→ **Assignment**:
Apart from the pictures, reproduce the data below exactly as it stands.

→ **Dataset section**:
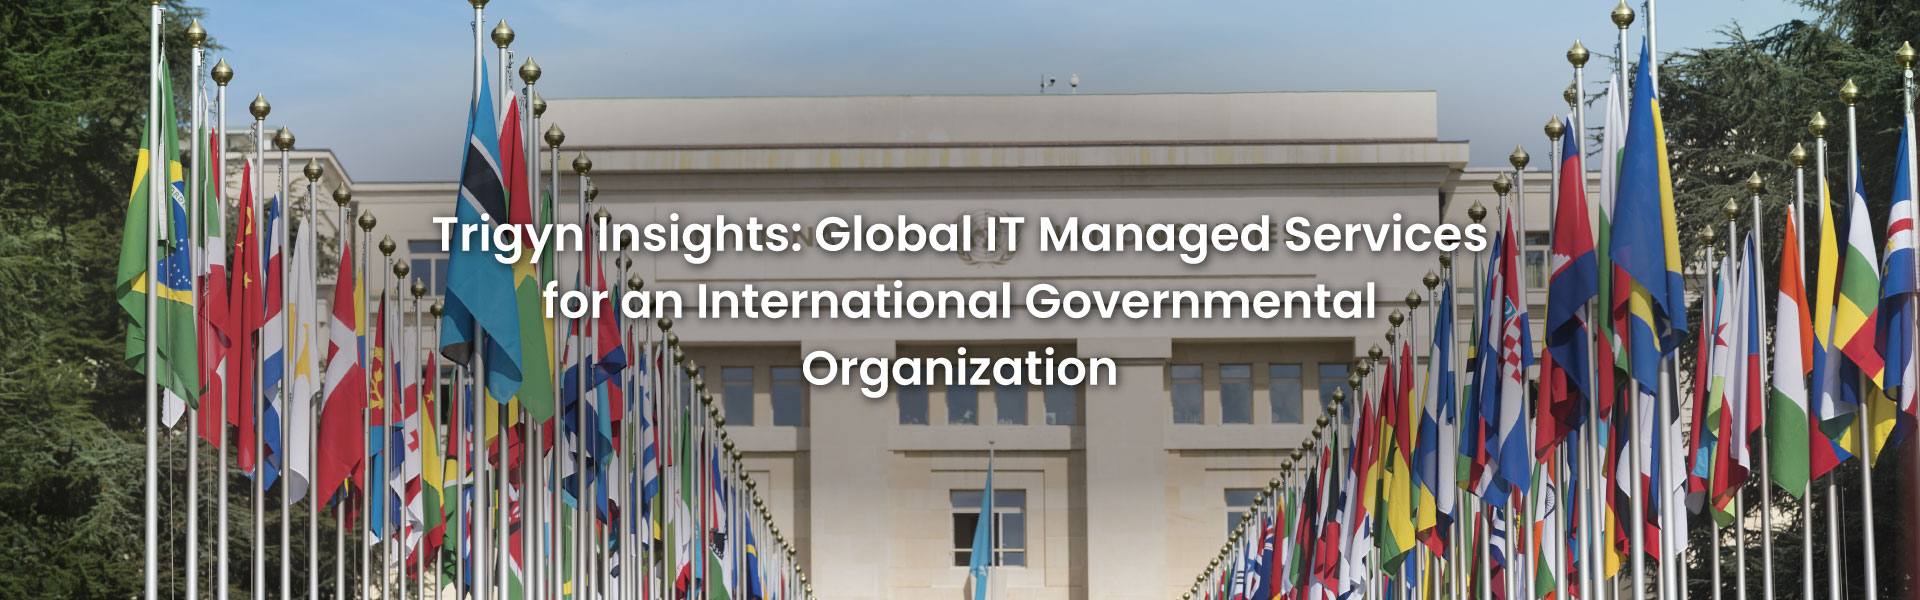 Global IT Managed Services for an International Governmental Organization
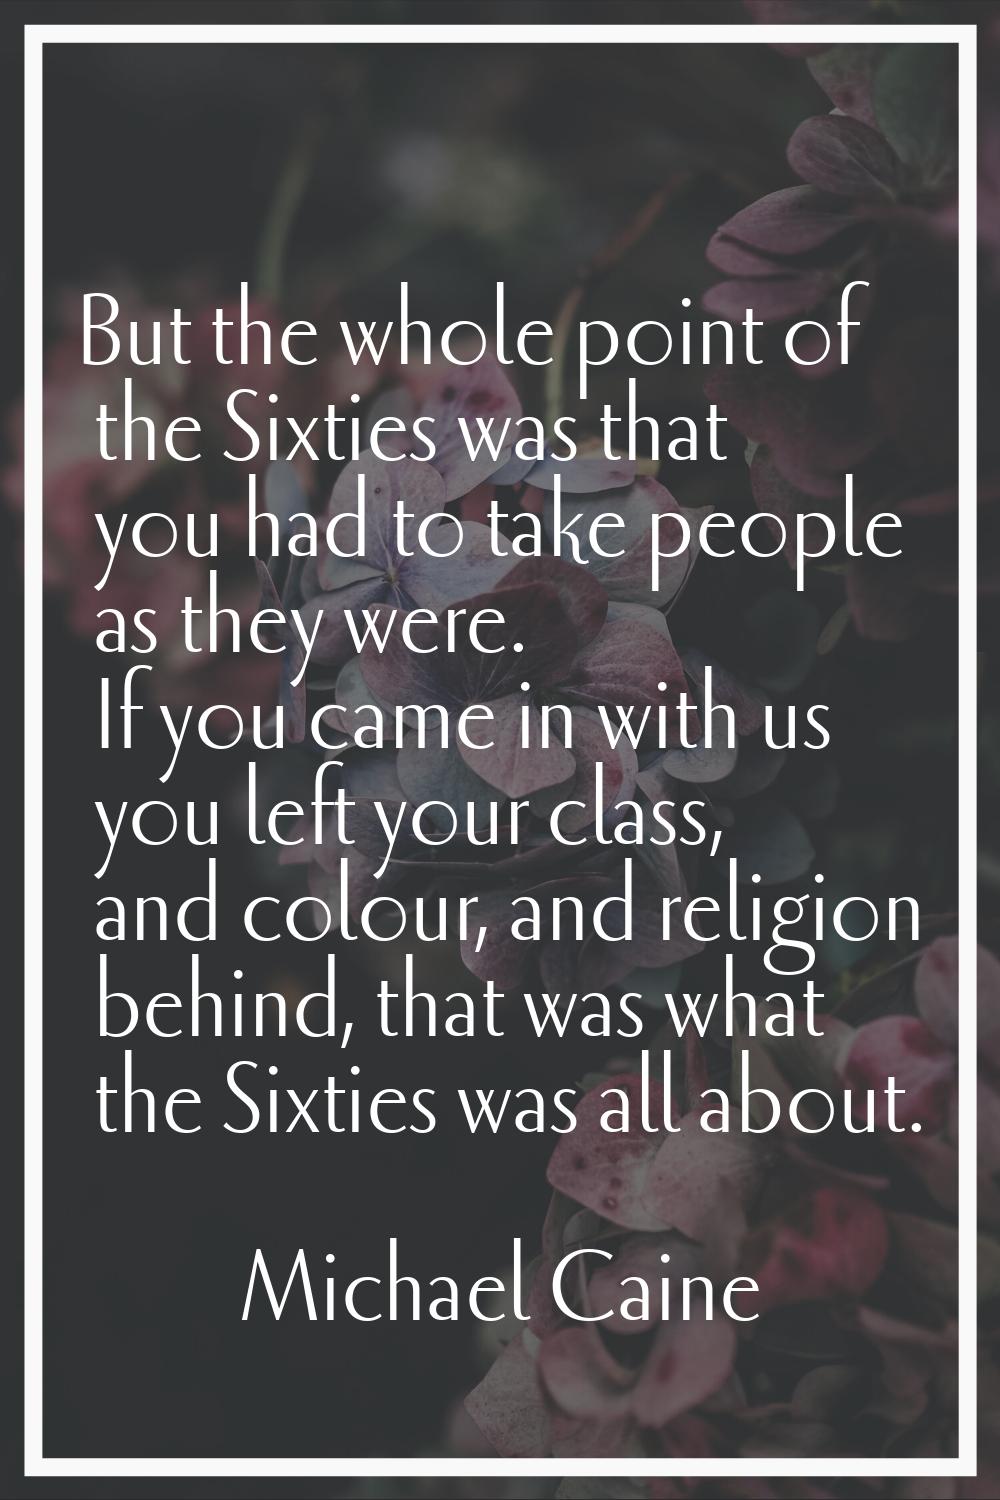 But the whole point of the Sixties was that you had to take people as they were. If you came in wit
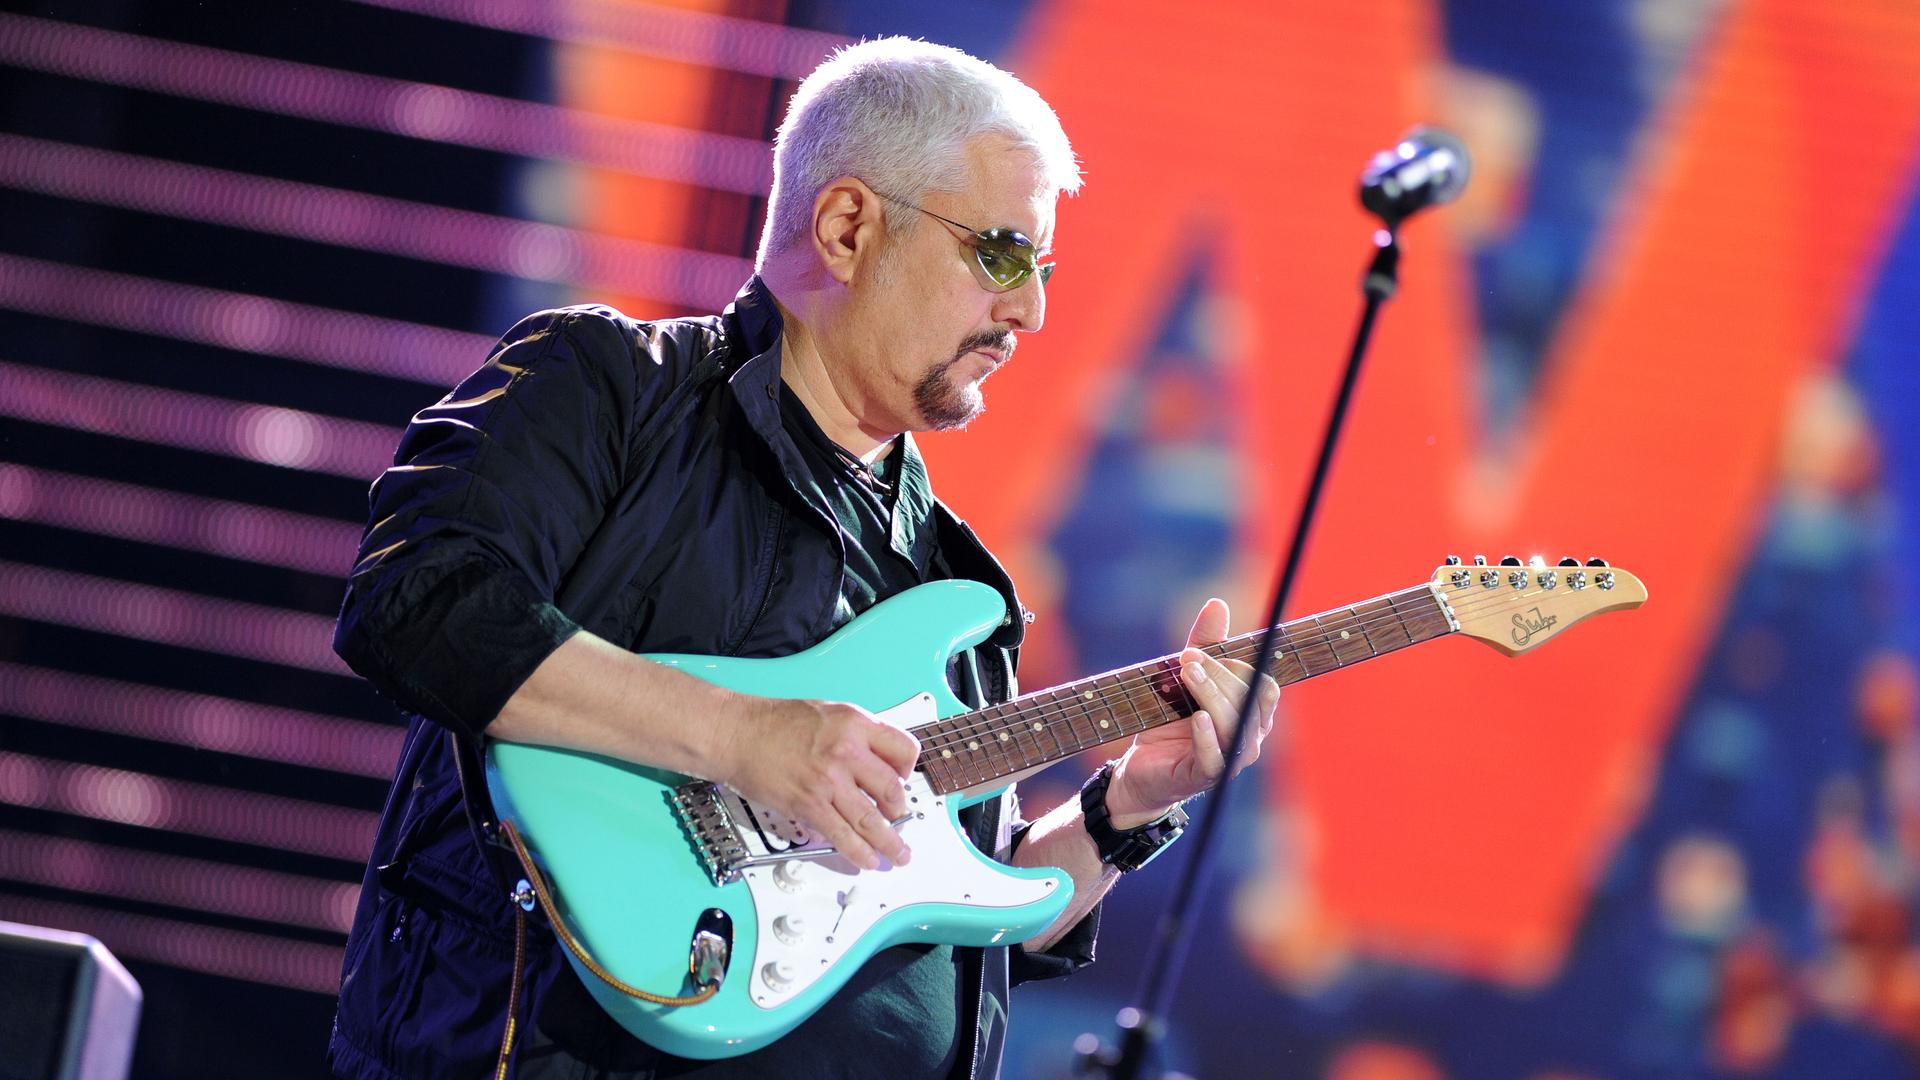 Pino Daniele attends the Wind Music Awards Show at the Arena of Verona on May 28, 2010 in Verona, Italy.

→ **Answer to this problem**:
 Global IT Managed Services for an International Governmental Organization
 But the whole point of the Sixties was that you had to take people as they were. If you came in wit
 Pino Daniele attends the Wind Music Awards Show at the Arena of Verona on May 28, 2010 in Verona, Italy.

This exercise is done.